◆ What you need to do
Copy task, pictures excluded: set down exactly the lines from the one containing "Curacao eGambling License" to the end of the data below.
^^^^
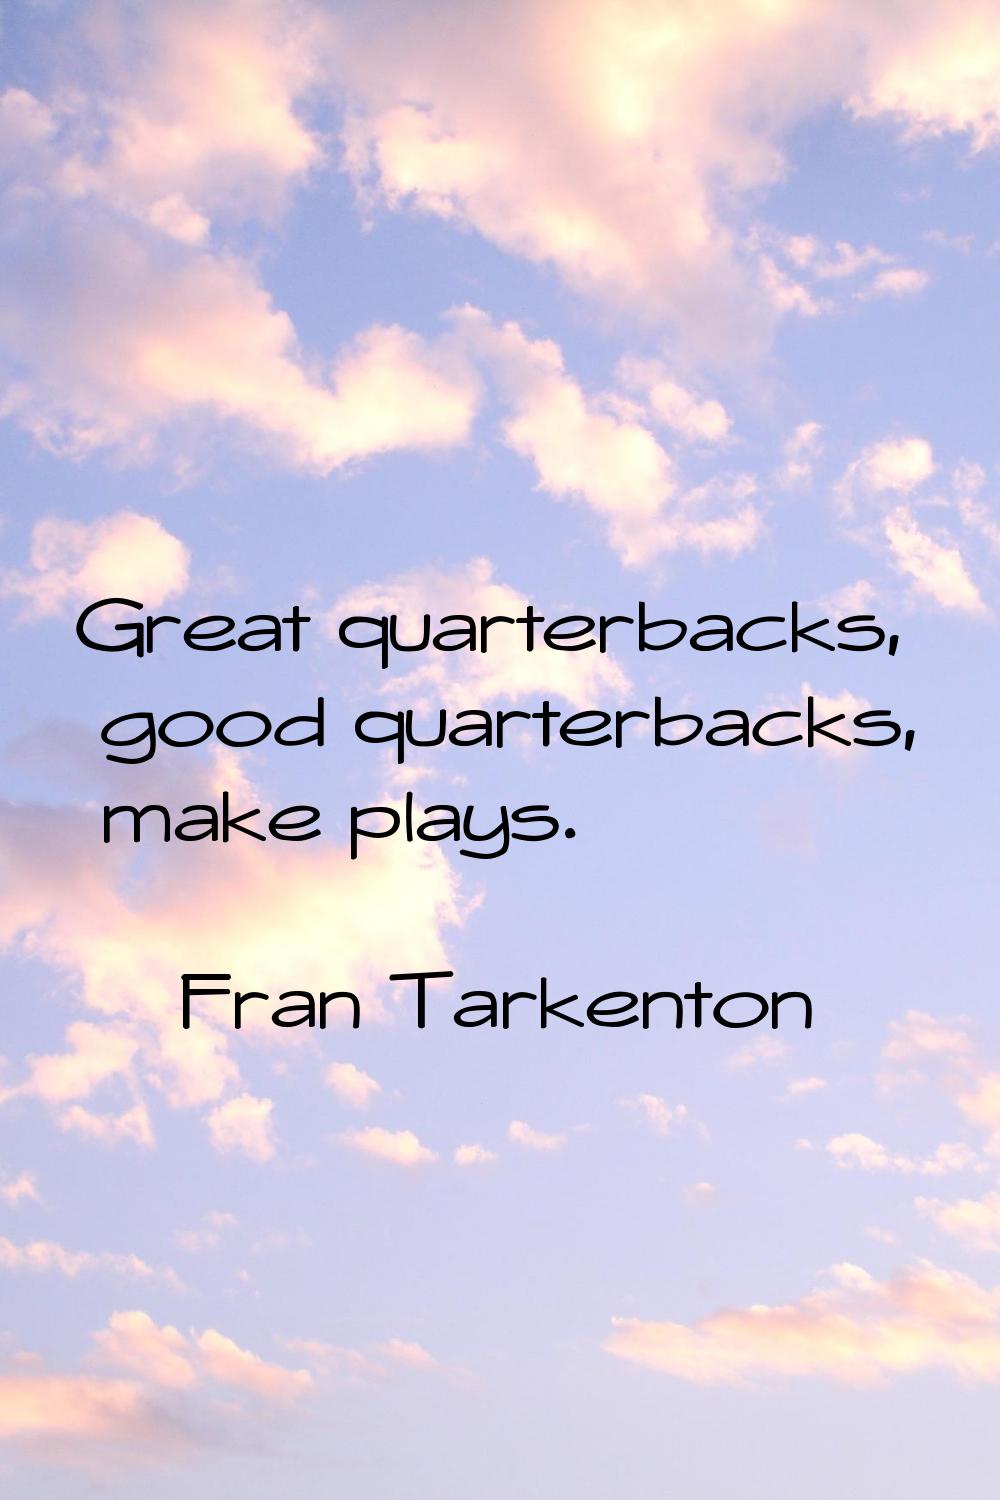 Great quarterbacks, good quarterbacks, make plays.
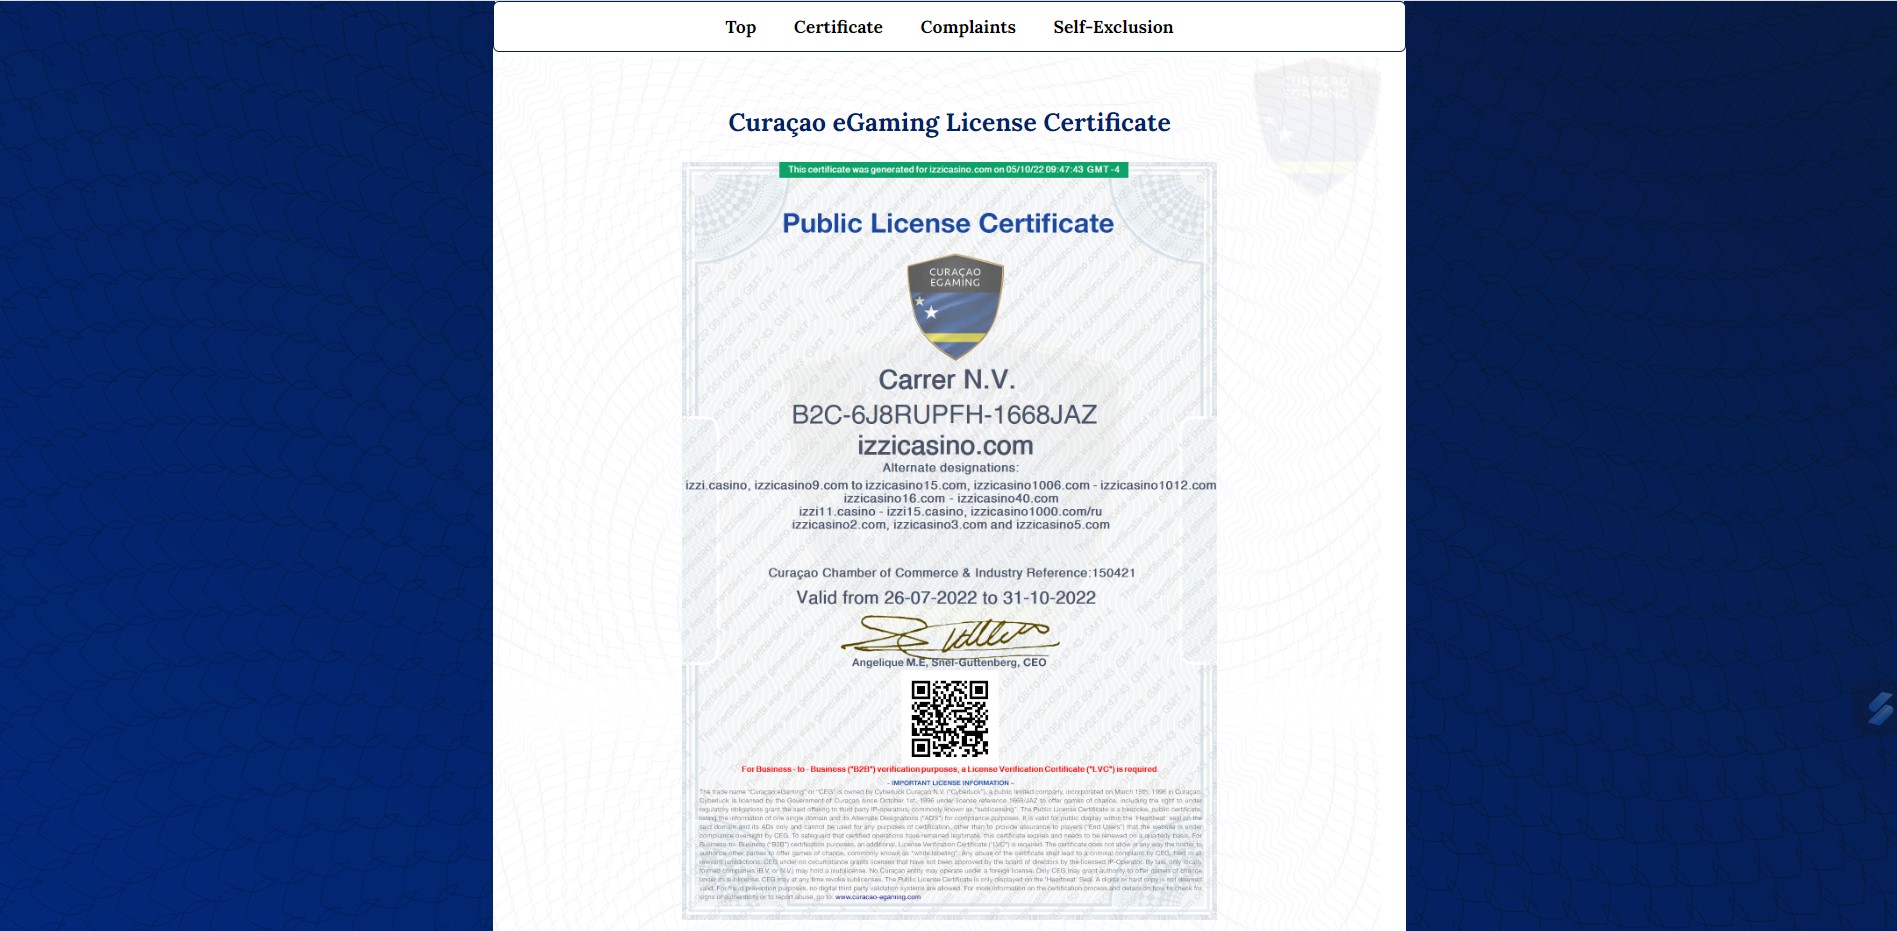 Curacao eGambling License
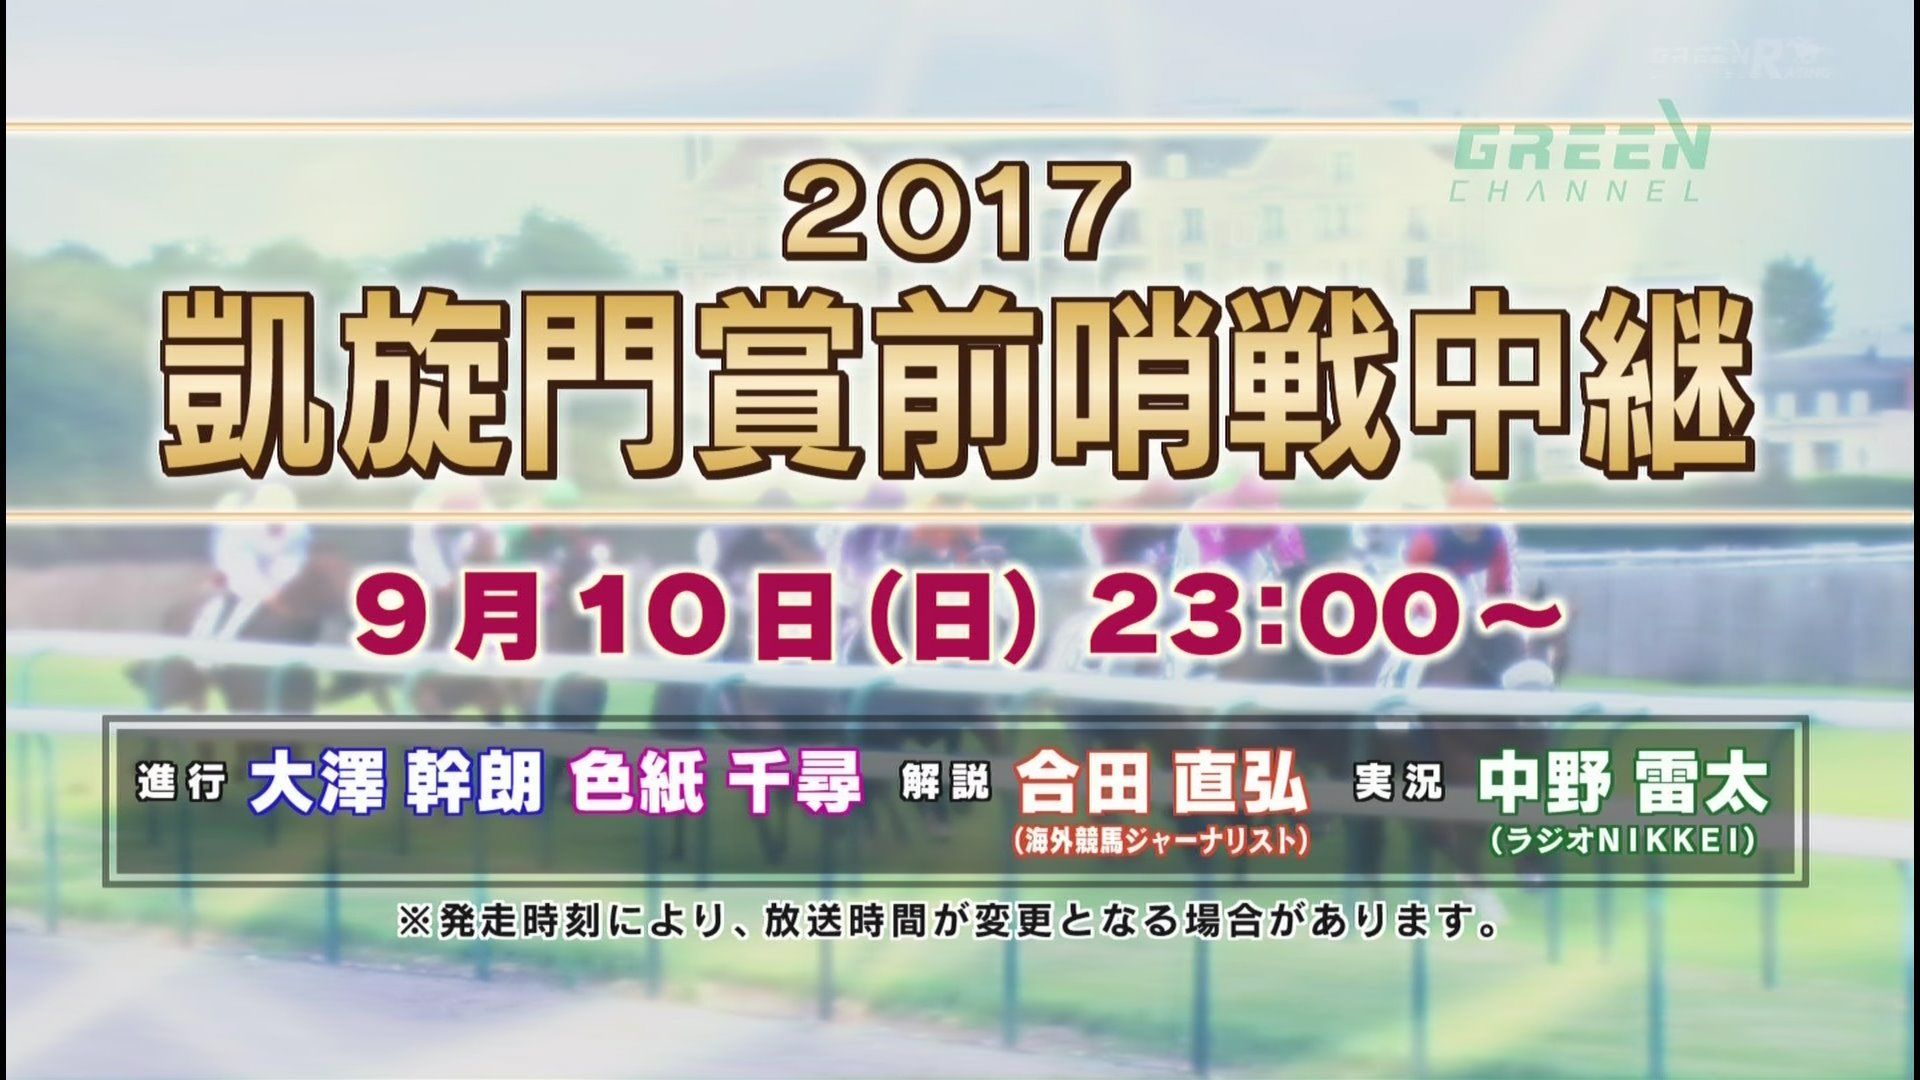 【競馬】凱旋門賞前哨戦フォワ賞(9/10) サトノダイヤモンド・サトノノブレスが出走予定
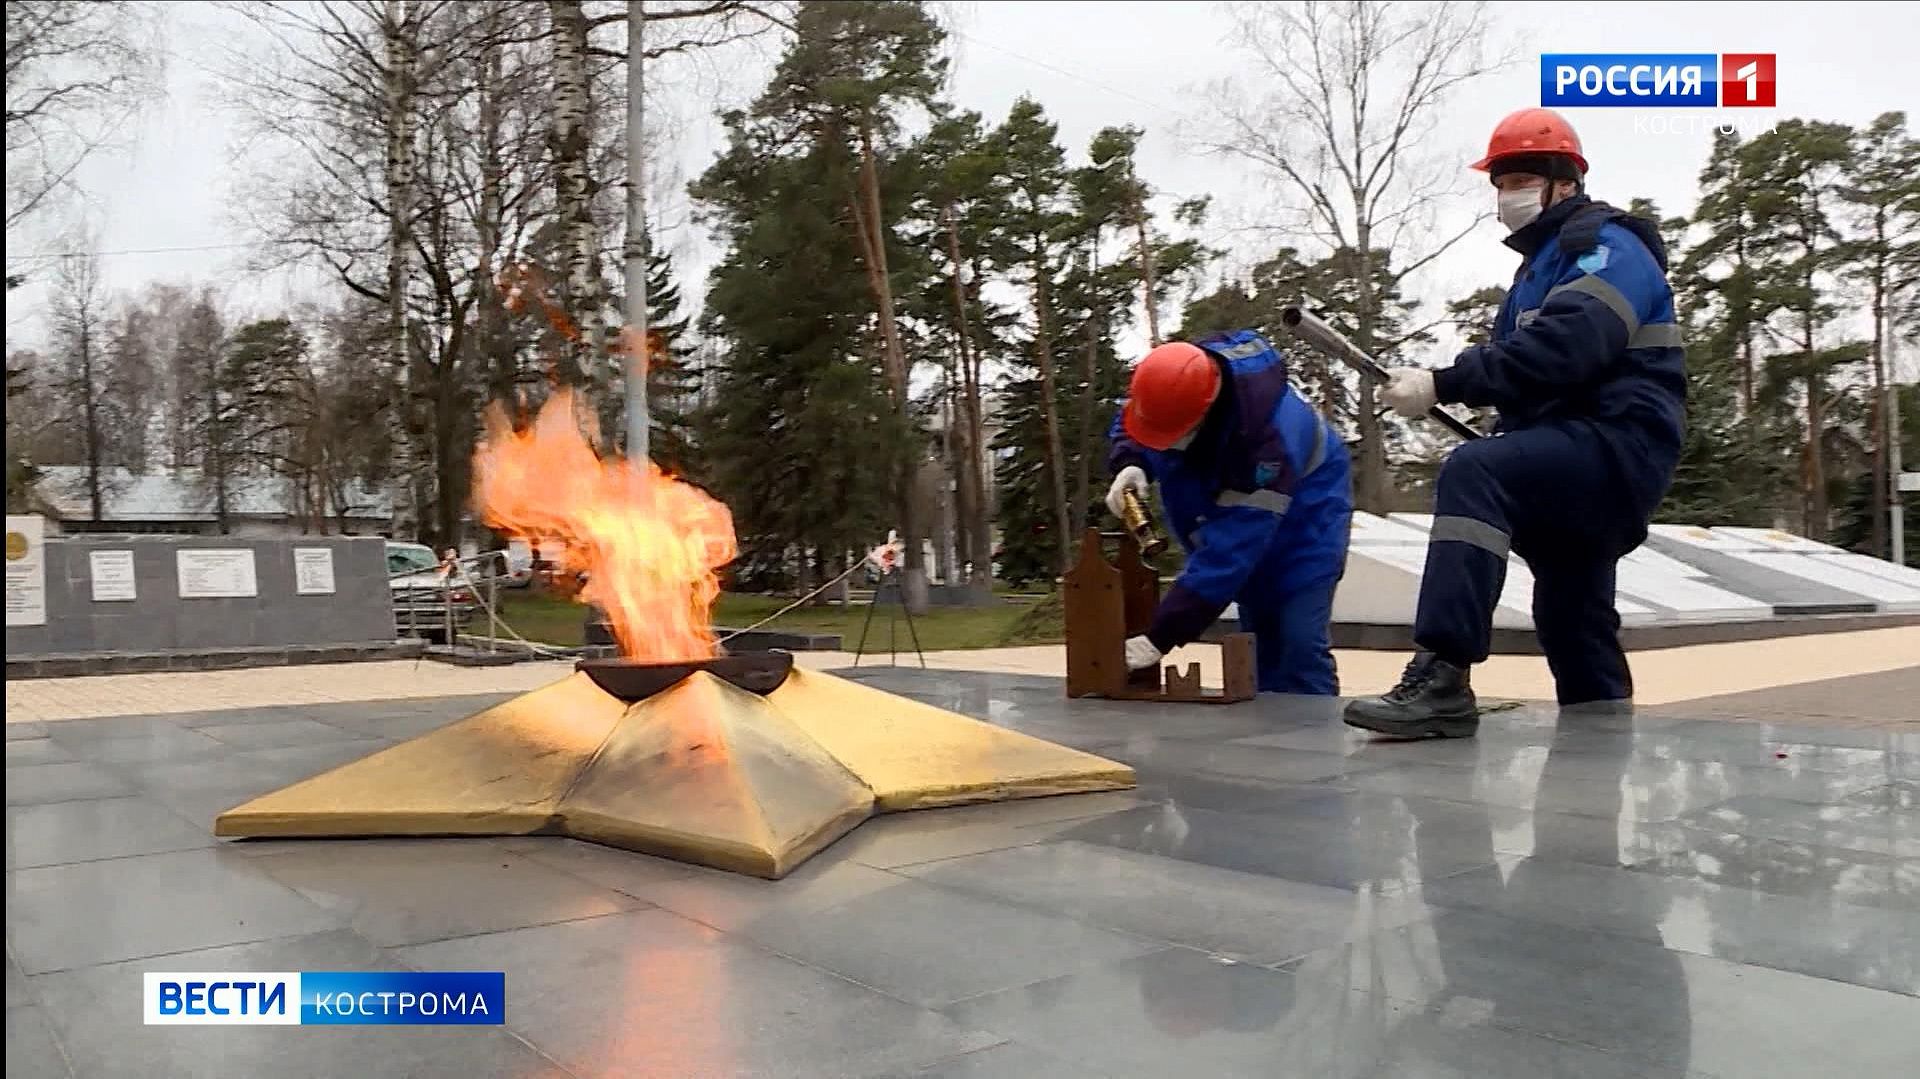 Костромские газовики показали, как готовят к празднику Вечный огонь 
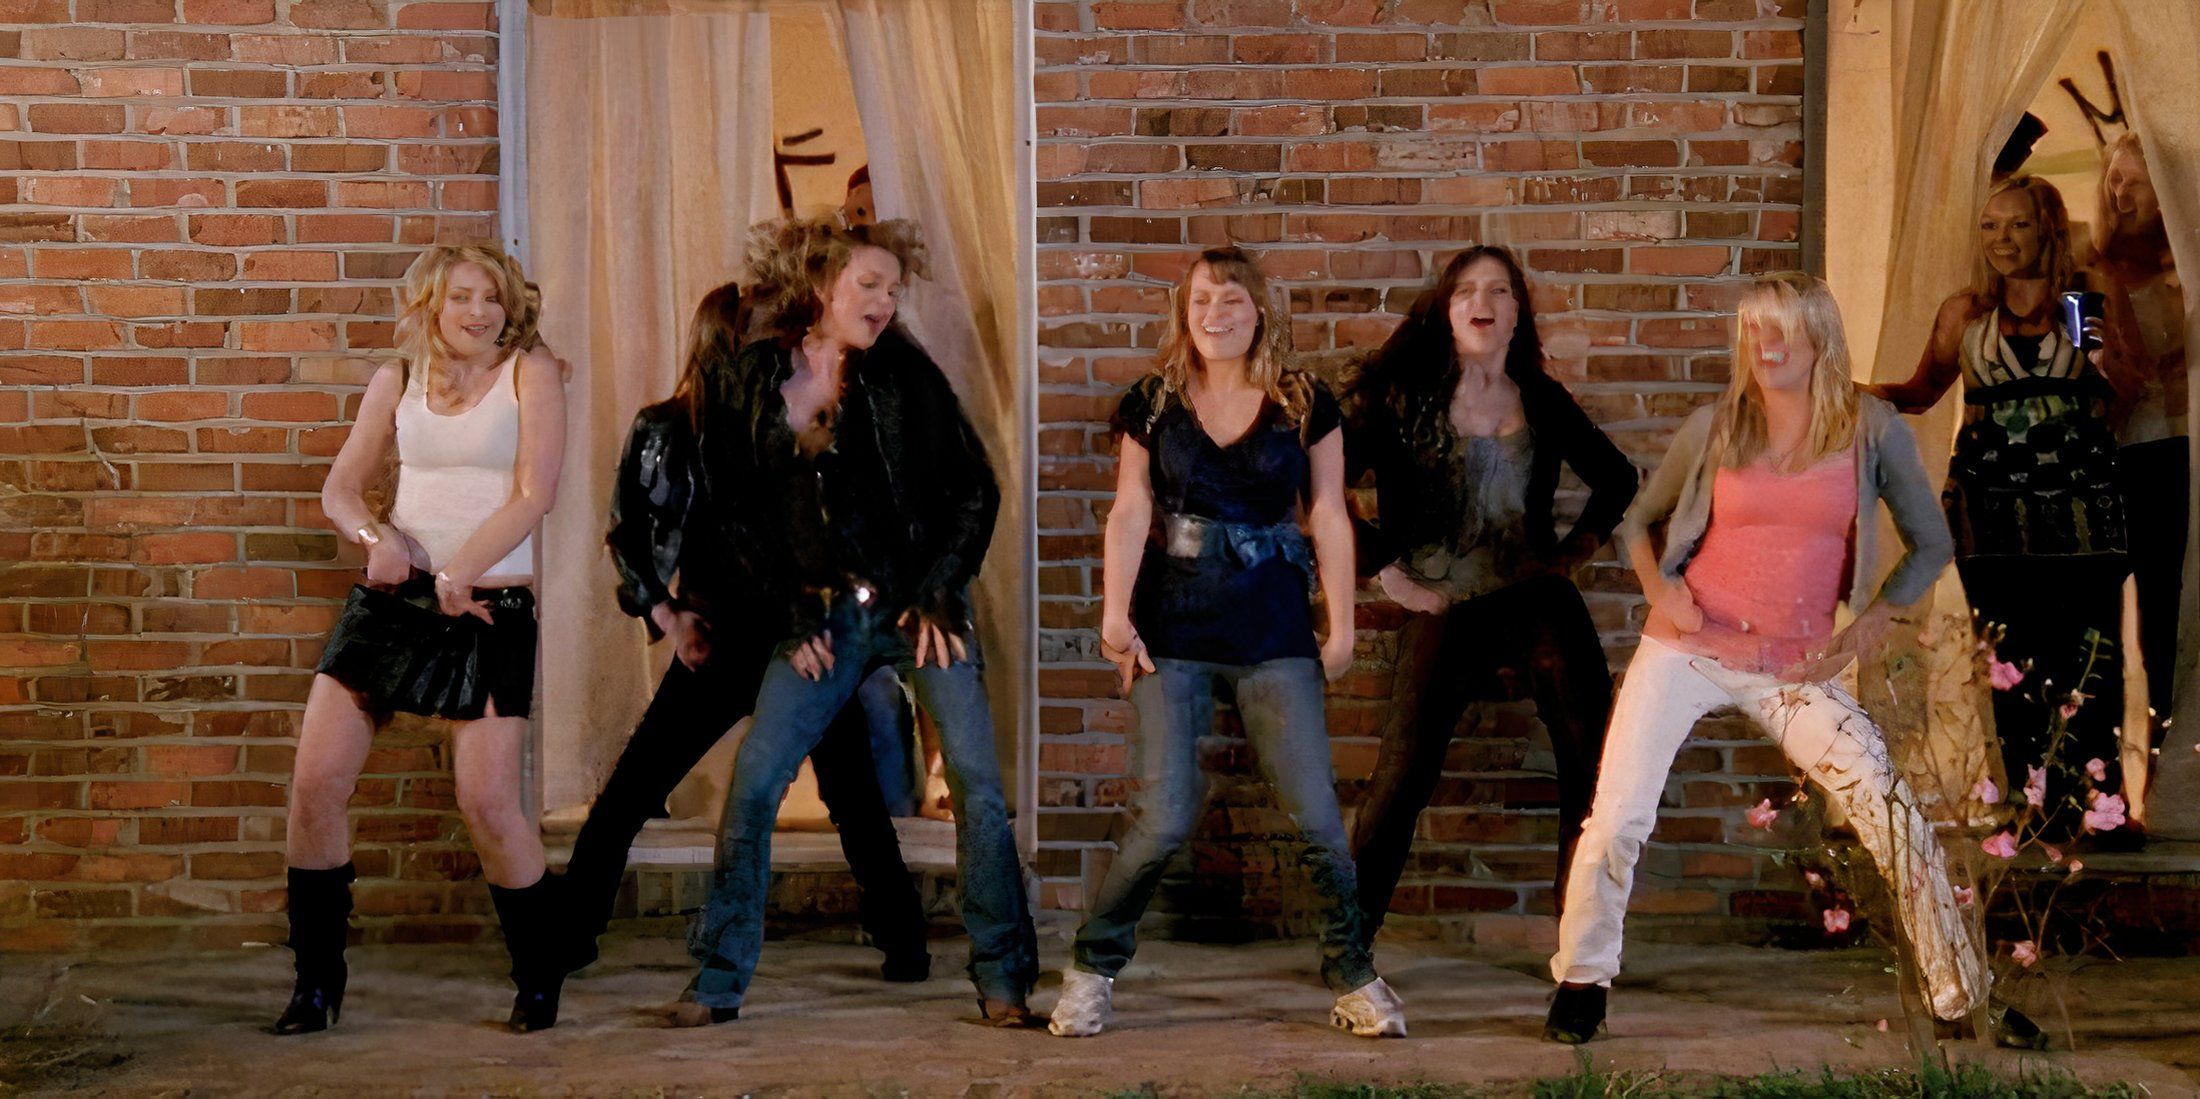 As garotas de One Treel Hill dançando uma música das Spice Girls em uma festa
^^^^
◆ Written answer
 Curacao eGambling License
 【競馬】凱旋門賞前哨戦フォワ賞(9/10) サトノダイヤモンド・サトノノブレスが出走予定
 Костромские газовики показали, как готовят к празднику Вечный огонь 
 As garotas de One Treel Hill dançando uma música das Spice Girls em uma festa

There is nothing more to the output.